US 11,055,524 B2
Data extraction pipeline
Jacques Cali, London (GB); Peter Roelants, London (GB); Christos Sagonas, London (GB); and Romain Sabathe, London (GB)
Assigned to ONFIDO LTD, London (GB)
Filed by ONFIDO LTD, London (GB)
Filed on Jan. 11, 2019, as Appl. No. 16/245,480.
Claims priority of application No. 18151489 (EP), filed on Jan. 12, 2018.
Prior Publication US 2019/0220660 A1, Jul. 18, 2019
Int. Cl.
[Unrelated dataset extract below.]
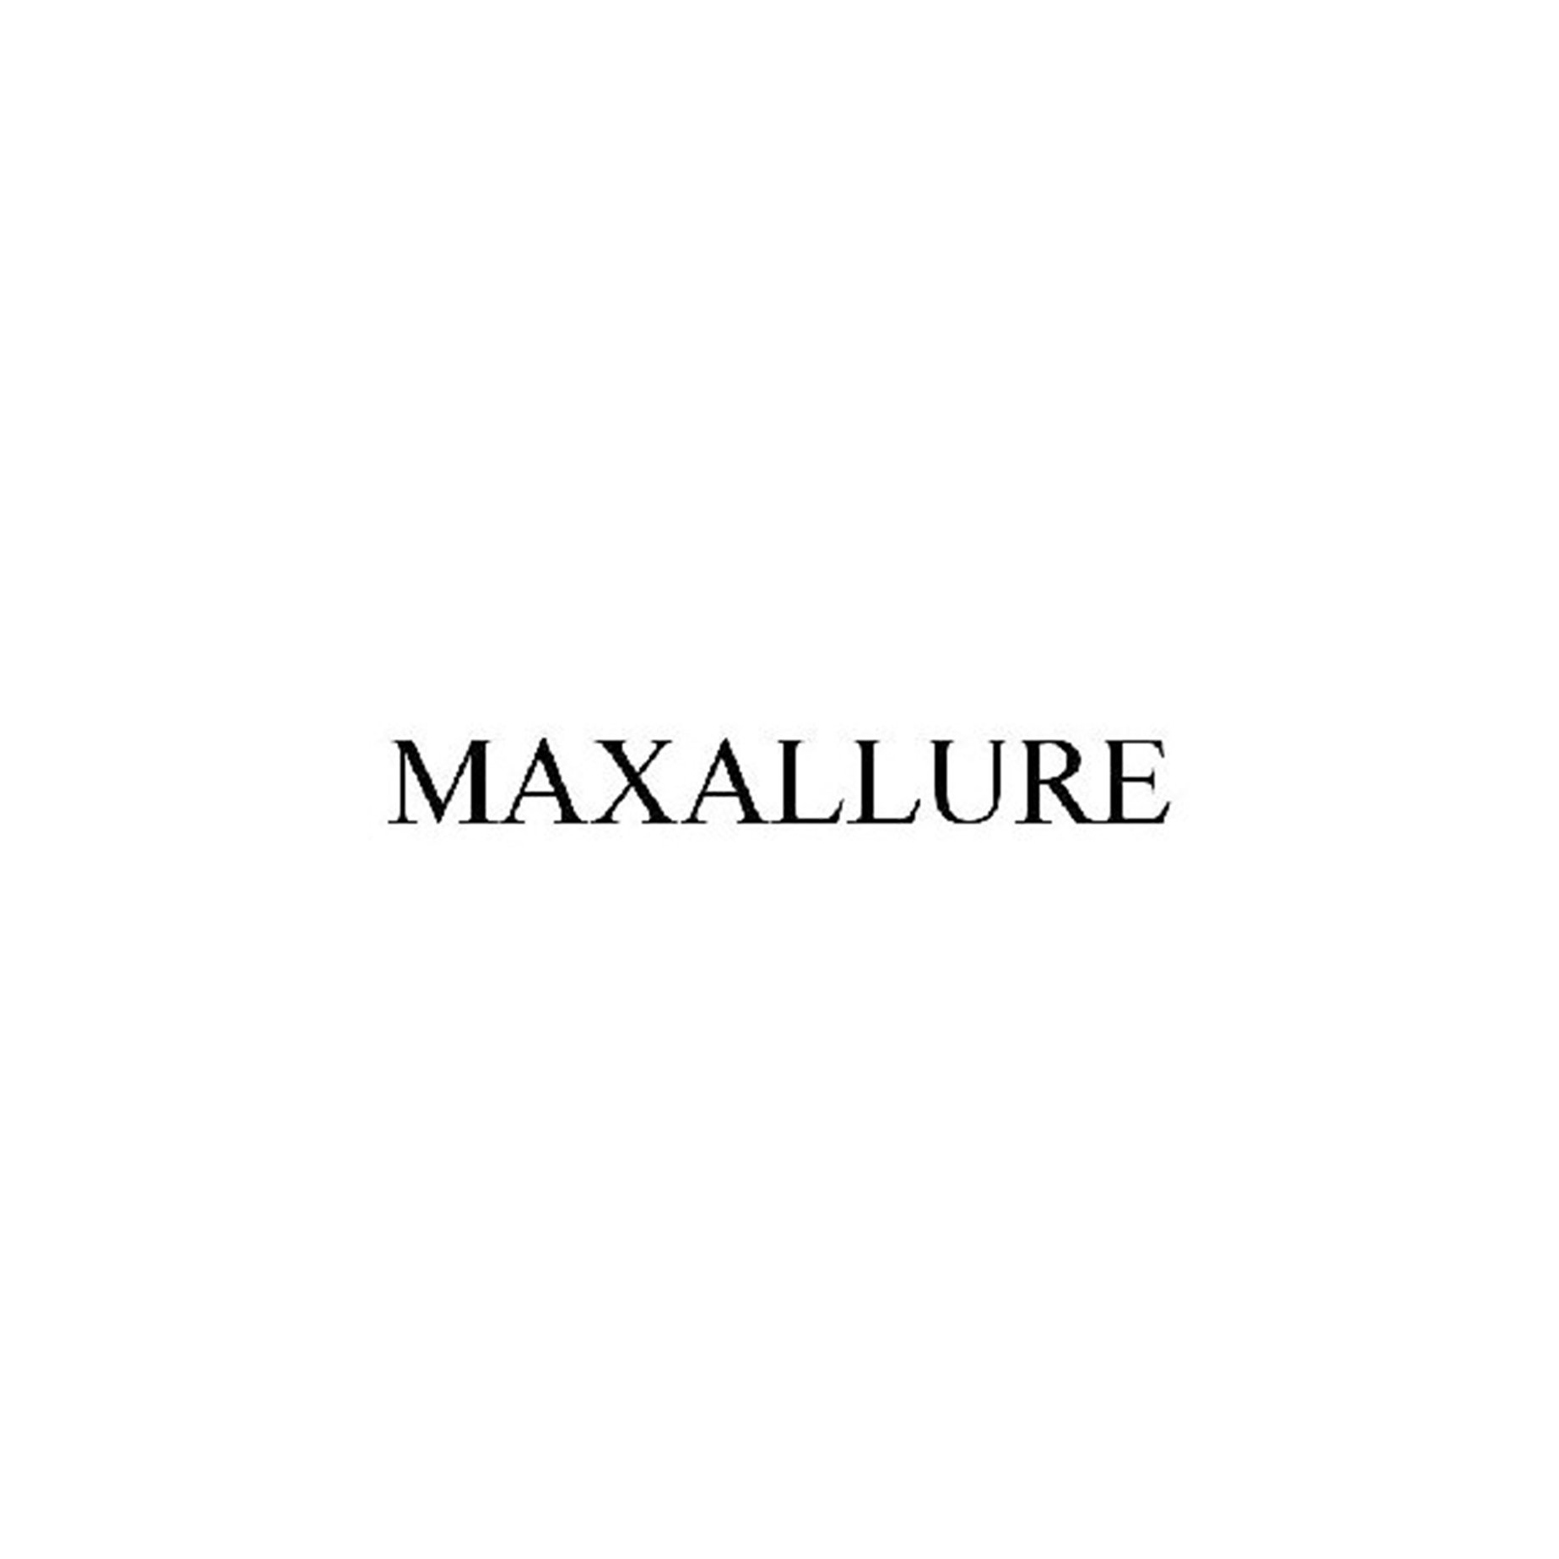 MAXALLURE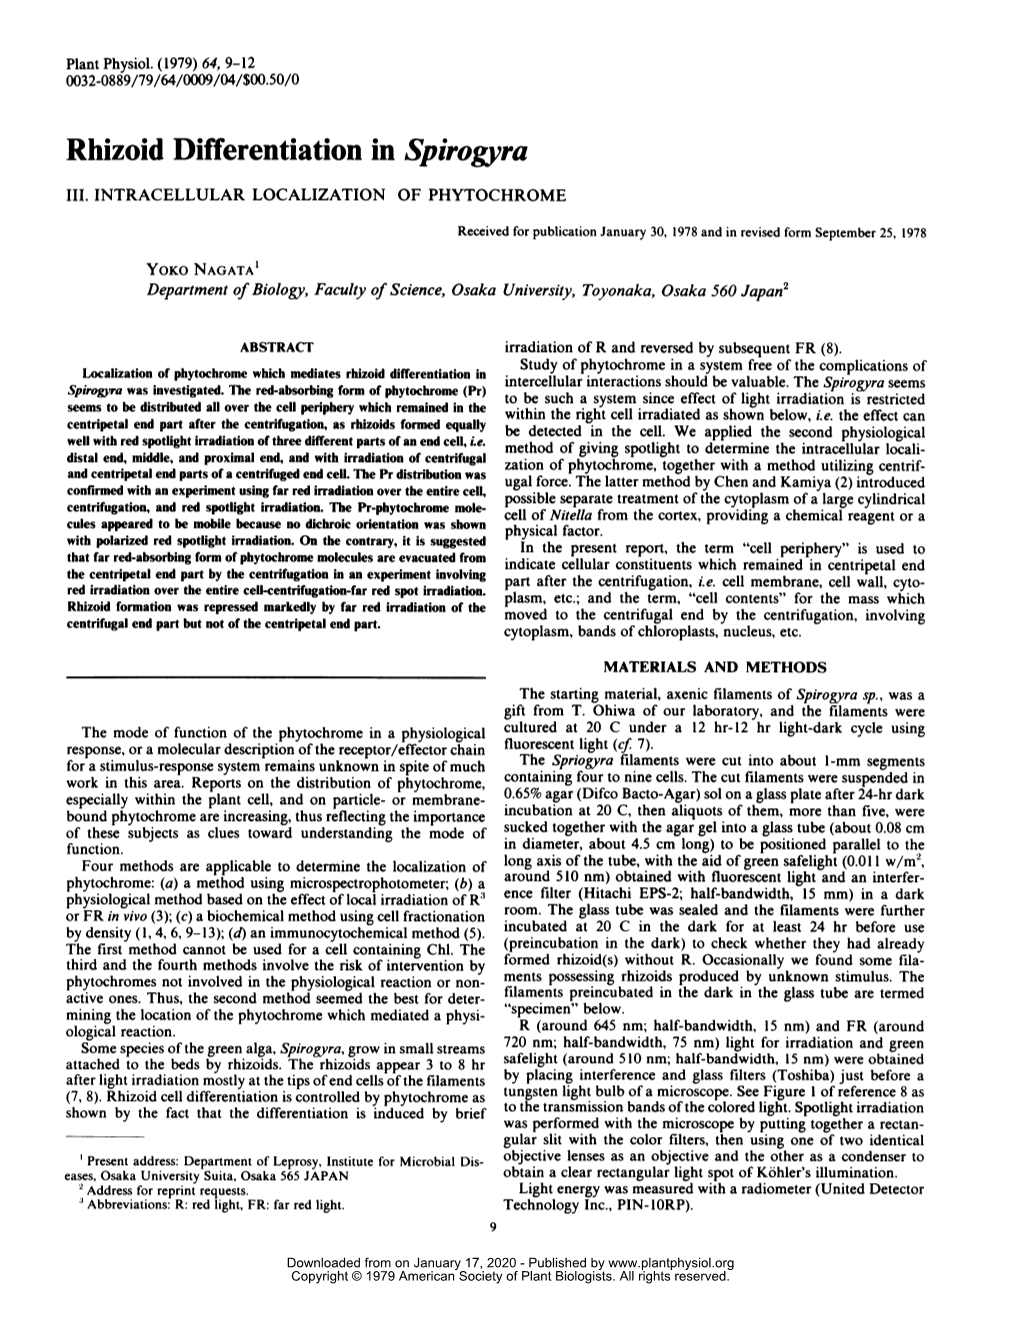 Rhizoid Differentiation in Spirogyra III

G06K 9/00 (2006.01); G06F 16/35 (2019.01); G06N 3/08 (2006.01)
CPC G06K 9/00456 (2013.01) [G06F 16/35 (2019.01); G06K 9/00442 (2013.01); G06K 9/00463 (2013.01); G06N 3/08 (2013.01); G06K 2209/01 (2013.01)] 17 Claims
OG exemplary drawing
 
1. A method for extracting information from an image of a document comprising:
acquiring an image comprising image data relating to at least a part of the document;
manipulating the image data to obtain a document image;
performing optical character recognition of the image data to produce recognized data;
attempting non-textual classification of the document image by machine recognition of non-textual characters to obtain classification data;
attempting textual classification of the document image by machine recognition of textual characters to obtain classification data; and
using the classification data and recognized data to extract information from the image;
wherein attempting textual classification of the document image by machine recognition of textual characters to obtain classification data comprises keyword classification of the document image to obtain classification data, wherein keyword classification comprises:
obtaining the recognized data;
retrieving a list of template data;
obtaining a weighting matrix using the list of template data;
classifying the document to a determined document type using the list of template data and the weighting matrix; and
if a threshold level of confidence in the classification is achieved, obtaining classification data by semantic labelling of the document image.